The idealisation (estimation, regression) obtained by HILDE. If output == "onlyIdealization" an object object of class stepblock containing the idealisation. If output == "eachStep" a list containing the entries idealization with the idealisation, fit with the fit by jsmurf, q1 and q2 with the given / computed critical values, filter with the given filter and for families "jsmurf", "jsmurfPS" and "jsmurfLR" sd with the given / estimated standard deviation. If output == "everything" a list containing the entries idealization with a list containing the idealisation after each refining step in the local deconvolution, fit with the fit by jsmurf, q1 and q2 with the given / computed critical values, filter with the given filter and for families "jsmurf", "jsmurfPS" and "jsmurfLR" sd with the given / estimated standard deviation. Additionally, in all cases, the idealisation has an attribute "noDeconvolution", an integer vector, that gives the segments for which no deconvolution could be performed, since two short segments followed each other, see also details in improveSmallScales.

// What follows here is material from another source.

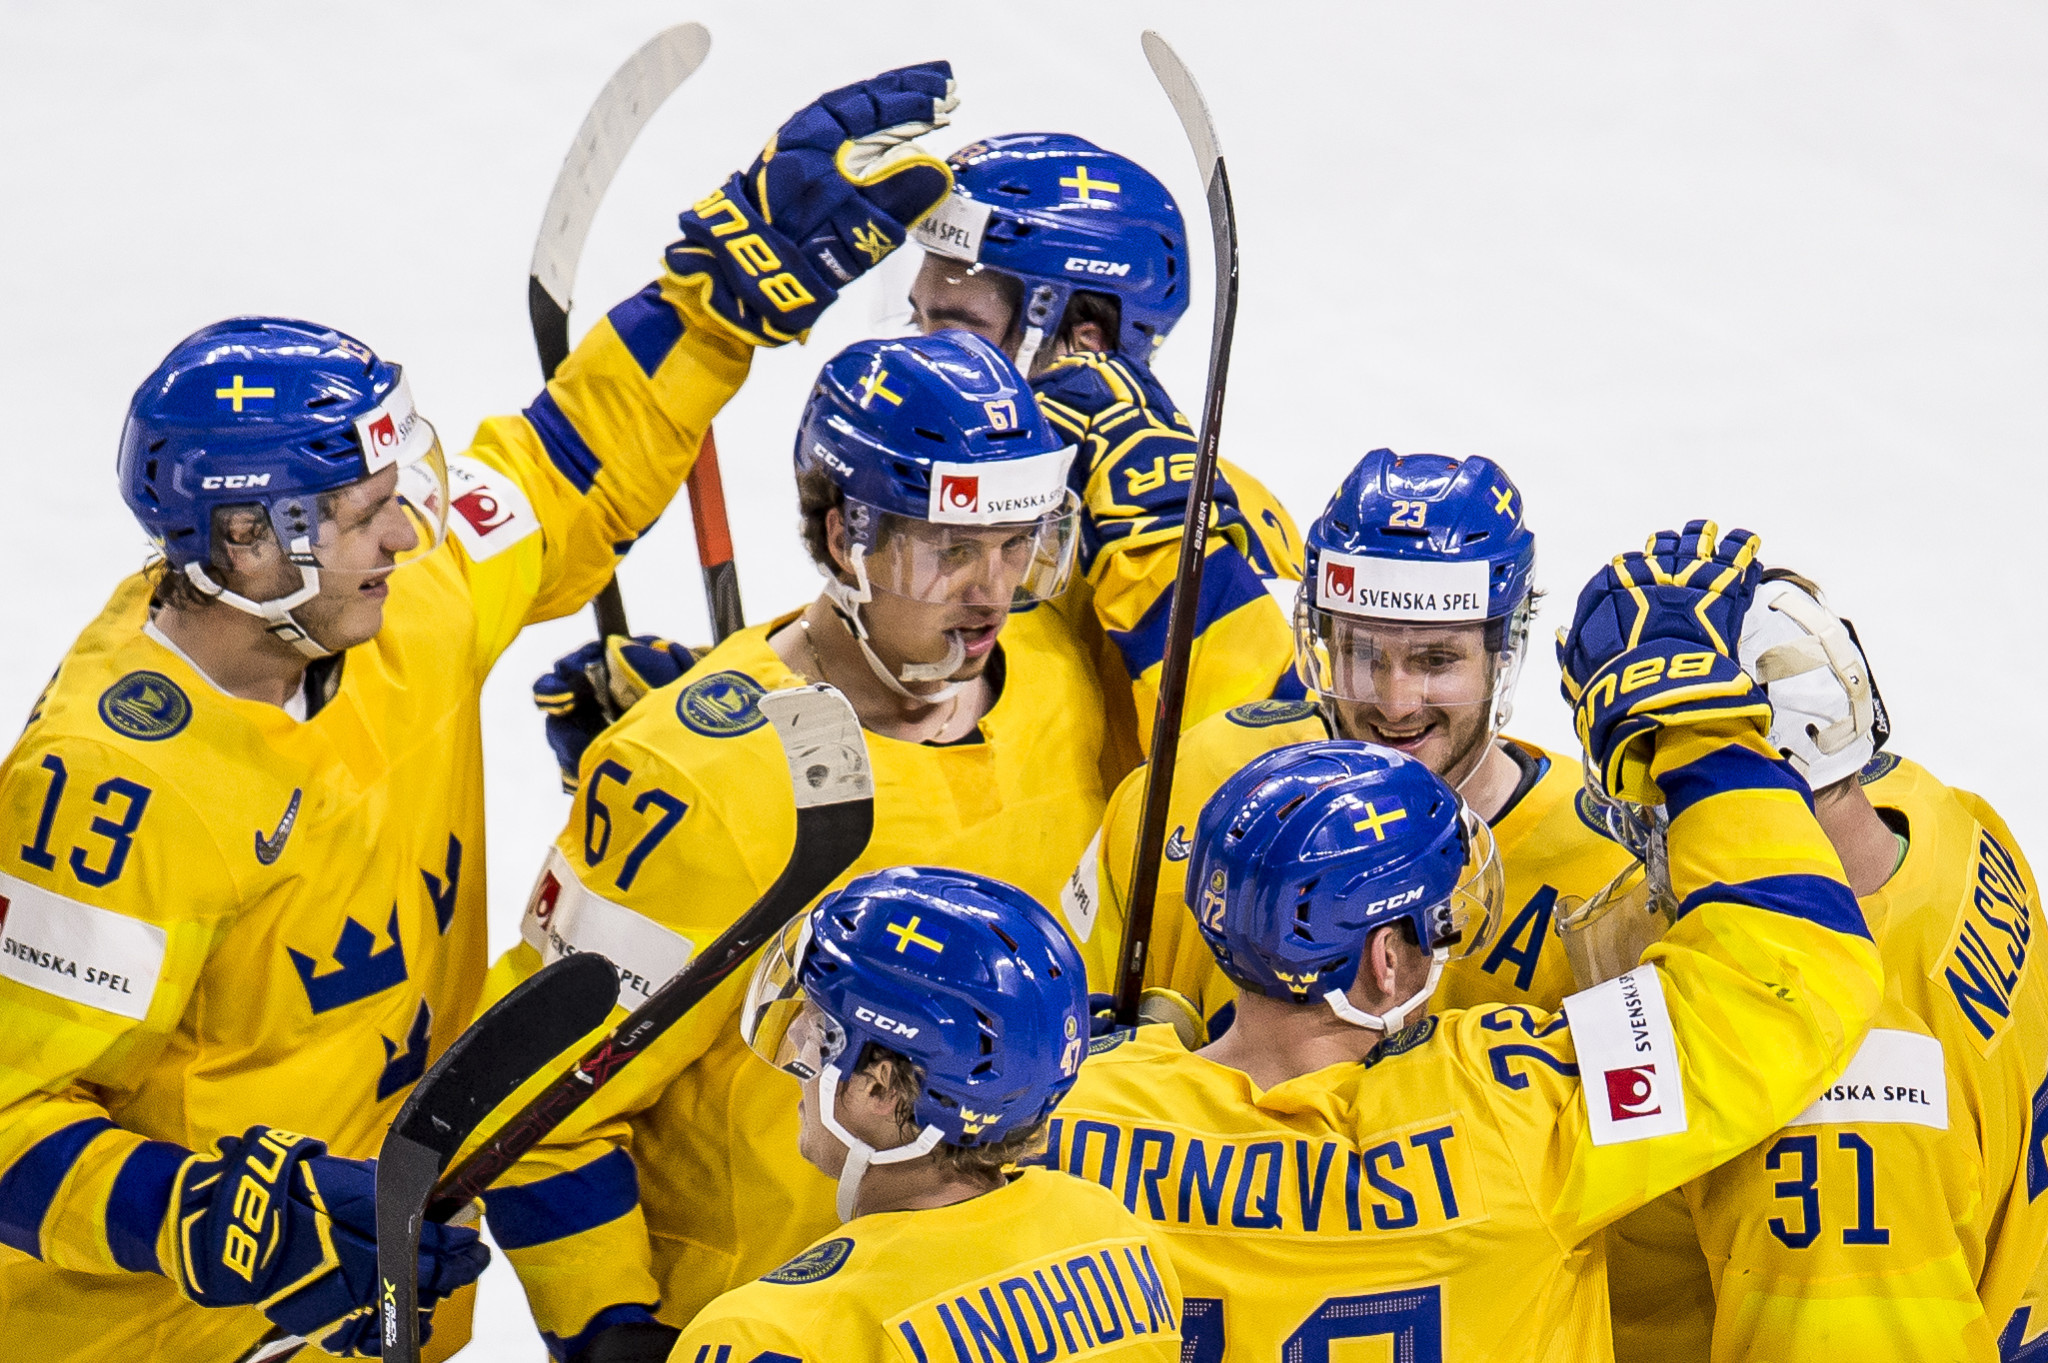 Sweden came from behind to beat Russia in the final round of group matches at the IIHF World Championship ©Getty Images

Storing of Monte-Carlo simulations

If q1 == NULL or q2 == NULL a Monte-Carlo simulation is required to compute the critical values. Since a Monte-Carlo simulation lasts potentially much longer (up to several hours or days if the number of observations is in the millions) than the main calculations, multiple possibilities for saving and loading the simulations are offered. Progress of a simulation can be reported by the argument messages which can be specified in ... and is explained in the documentation of getCritVal. Each Monte-Carlo simulation is specific to the parametric family / specified testing method, the number of observations and the used filter. Simulations related to computing q2 are also specific to the arguments thresholdLongSegment, localValue and localVar. Currently, storing such a Monte-Carlo simulation is only possible for their default values. Note, that also Monte-Carlo simulations for a (slightly) larger number of observations nq, given in the argument nq in ... and explained in the documentation of getCritVal, can be used, which avoids extensive resimulations for only a little bit varying number of observations, but results in a (small) loss of power. However, simulations of type "vectorIncreased" (only possible for q1 and families "jsmurf", "jsmurfPS" and "jsmurfLR") or "matrixIncreased", i.e. objects of classes "MCSimulationMaximum" and "MCSimulationVector" with nq observations, have to be resimulated if as.integer(log2(n1)) != as.integer(log2(n2)) when the saved simulation was computed with n == n1 and the simulation now is required for n == n2 and nq >= n1 and nq >= n2. Simulations can either be saved in the workspace in the variable critValStepRTab or persistently on the file system for which the package R.cache is used. Moreover, storing in and loading from variables and RDS files is supported. The simulation, saving and loading can be controlled by the argument option which can be specified in ... and is explained in the documentation of getCritVal. By default simulations will be saved in the workspace and on the file system. For more details and for how simulation can be removed see Section Simulating, saving and loading of Monte-Carlo simulations in getCritVal.

References

Pein, F., Bartsch, A., Steinem, C., Munk, A. (2020) Heterogeneous Idealization of Ion Channel Recordings - Open Channel Noise. arXiv:2008.02658.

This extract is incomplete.